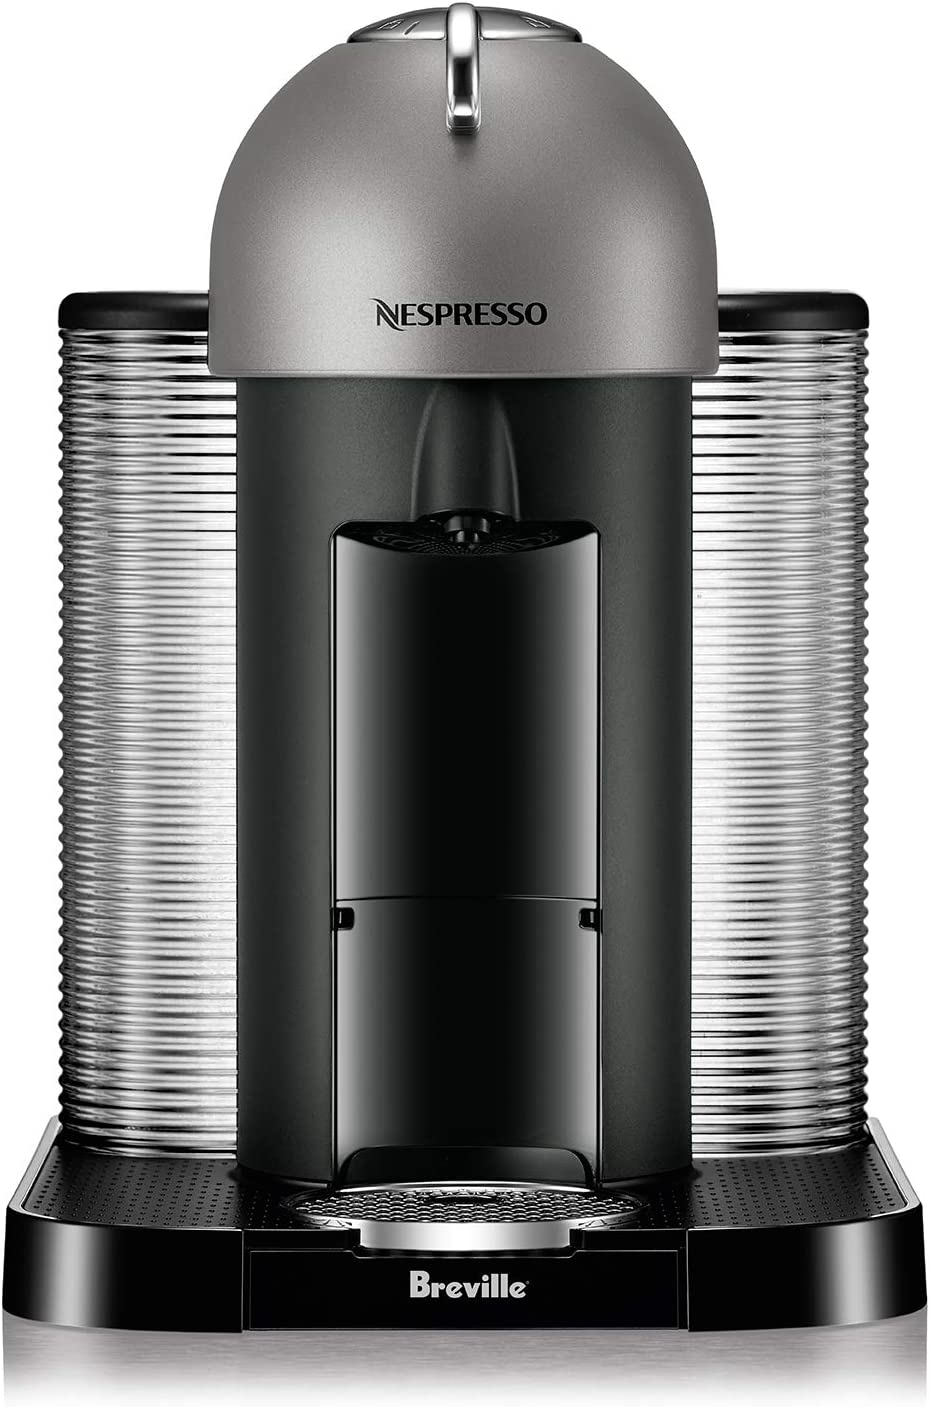 Nespresso Vertuo cafetera y cafetera de espresso por Breville ...
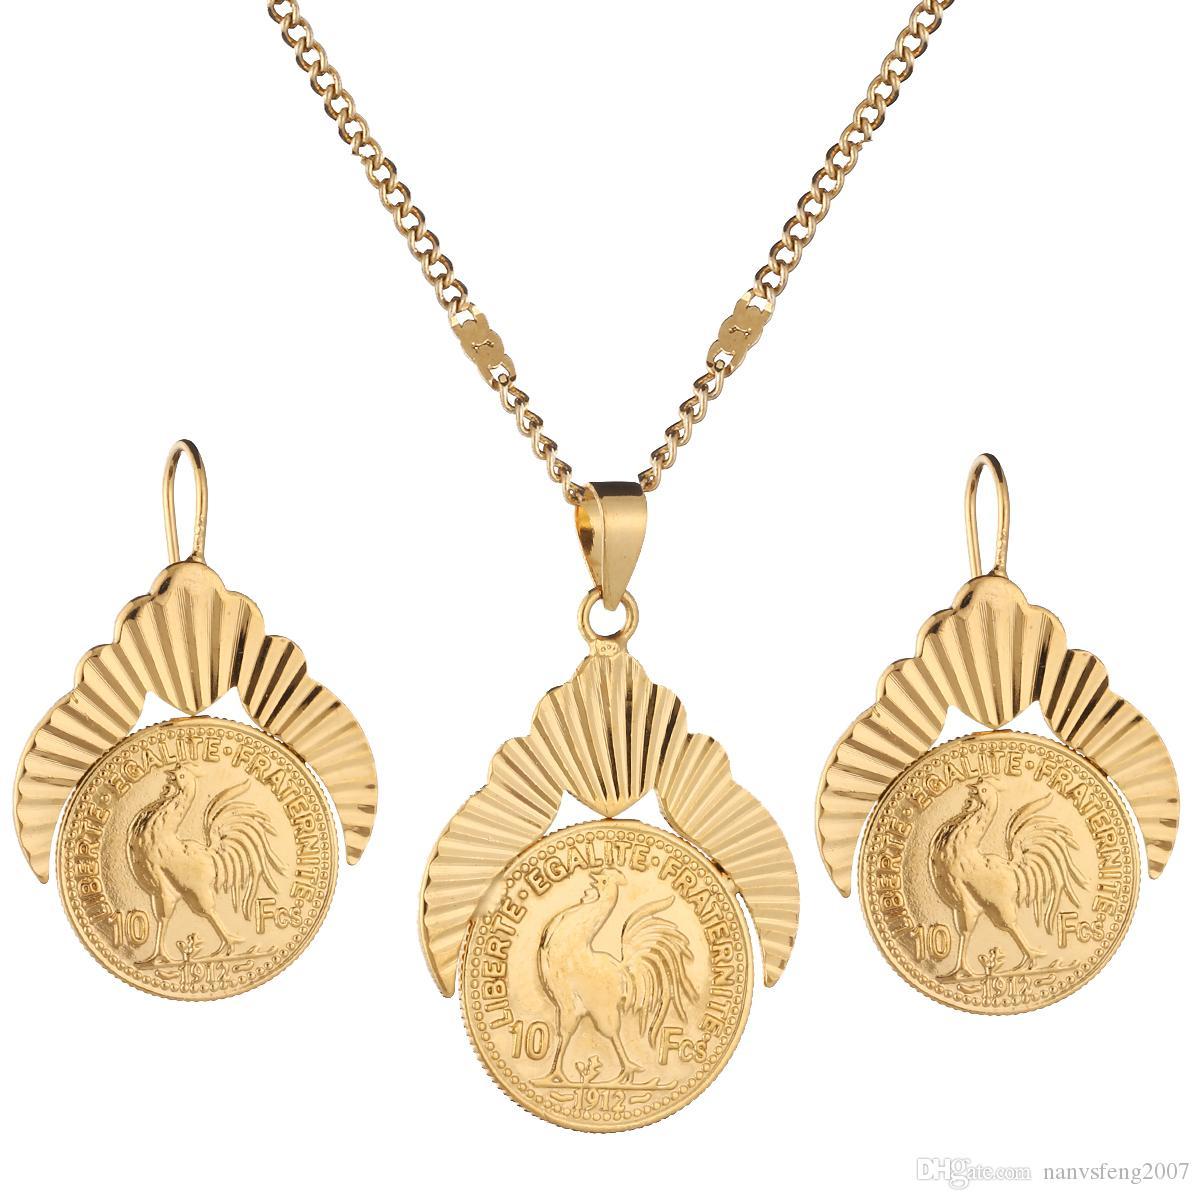 Couleur vieil or français Coin Liberte Egalite Fraternite Monnaies 1912 ensembles de bijoux pièces de métal Ensembles de bijoux
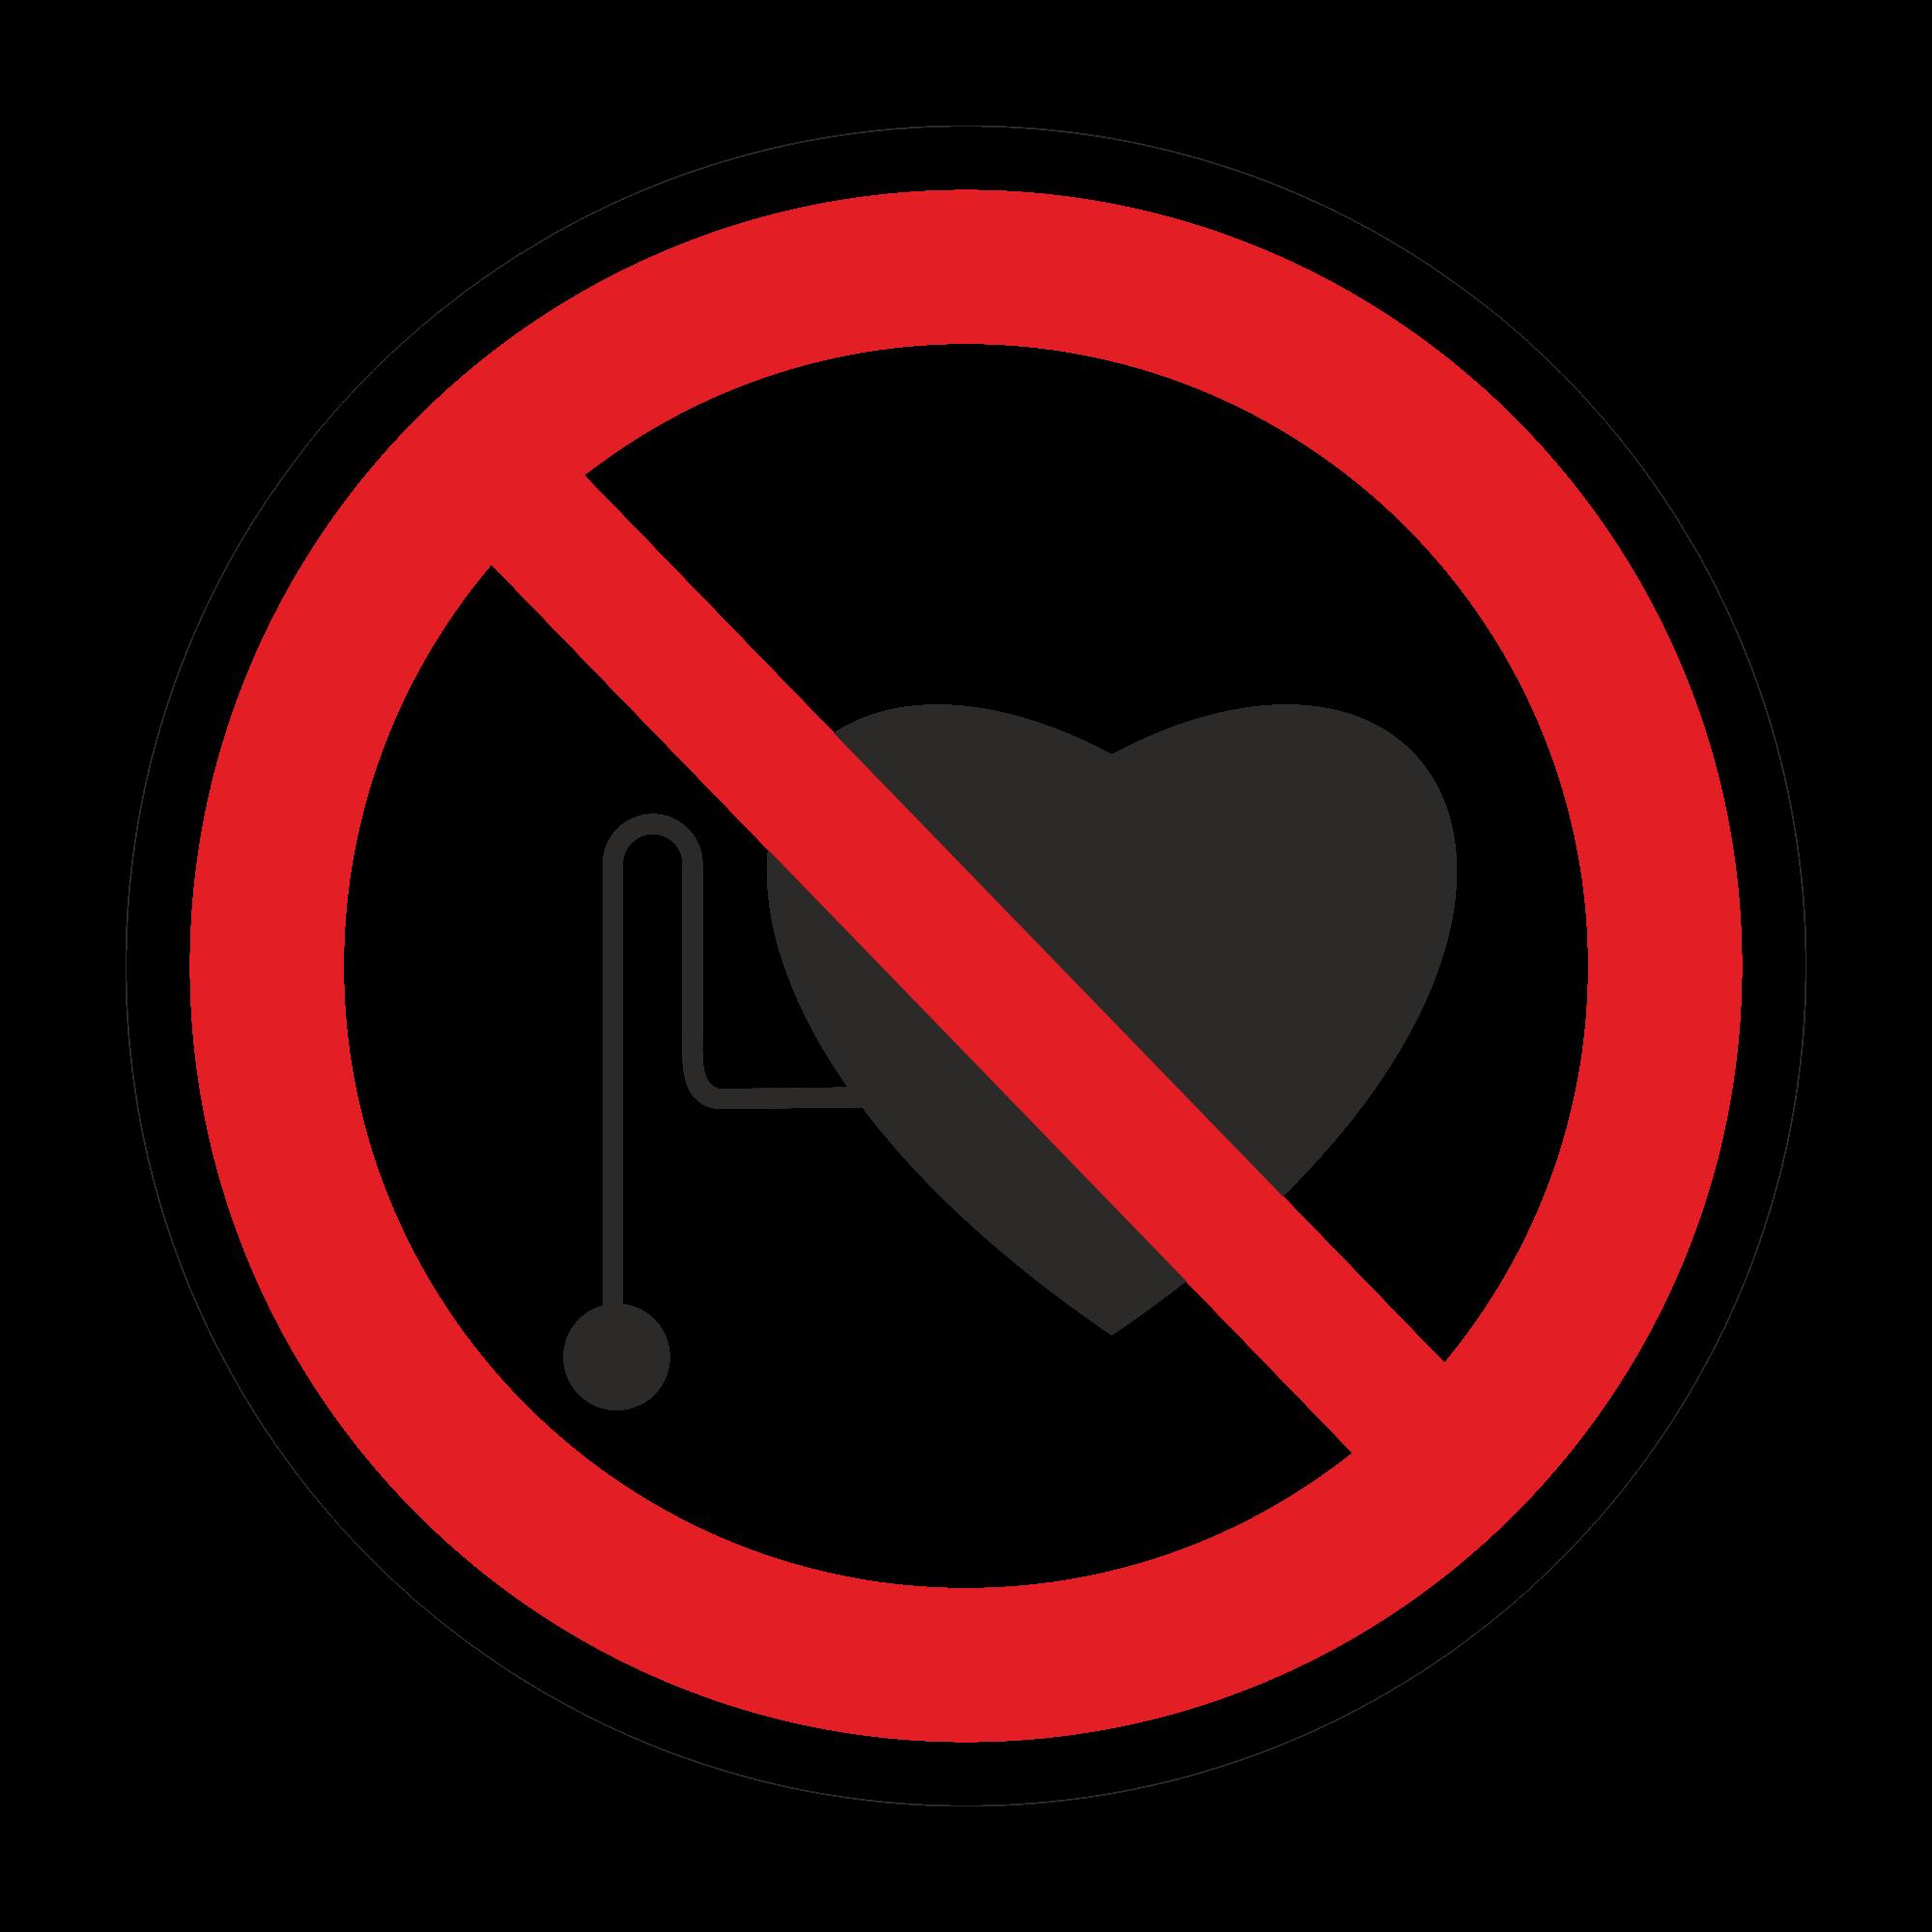 Р11 Запрещается работа людей со стимуляторами сердечной деятельности
--- --- ---
Every line of the listing above is to be set down verbatim, without the pictures.

SOLUTION TO THE EXERCISE
 Nespresso Vertuo cafetera y cafetera de espresso por Breville ...
 Couleur vieil or français Coin Liberte Egalite Fraternite Monnaies 1912 ensembles de bijoux pièces de métal Ensembles de bijoux
 Р11 Запрещается работа людей со стимуляторами сердечной деятельности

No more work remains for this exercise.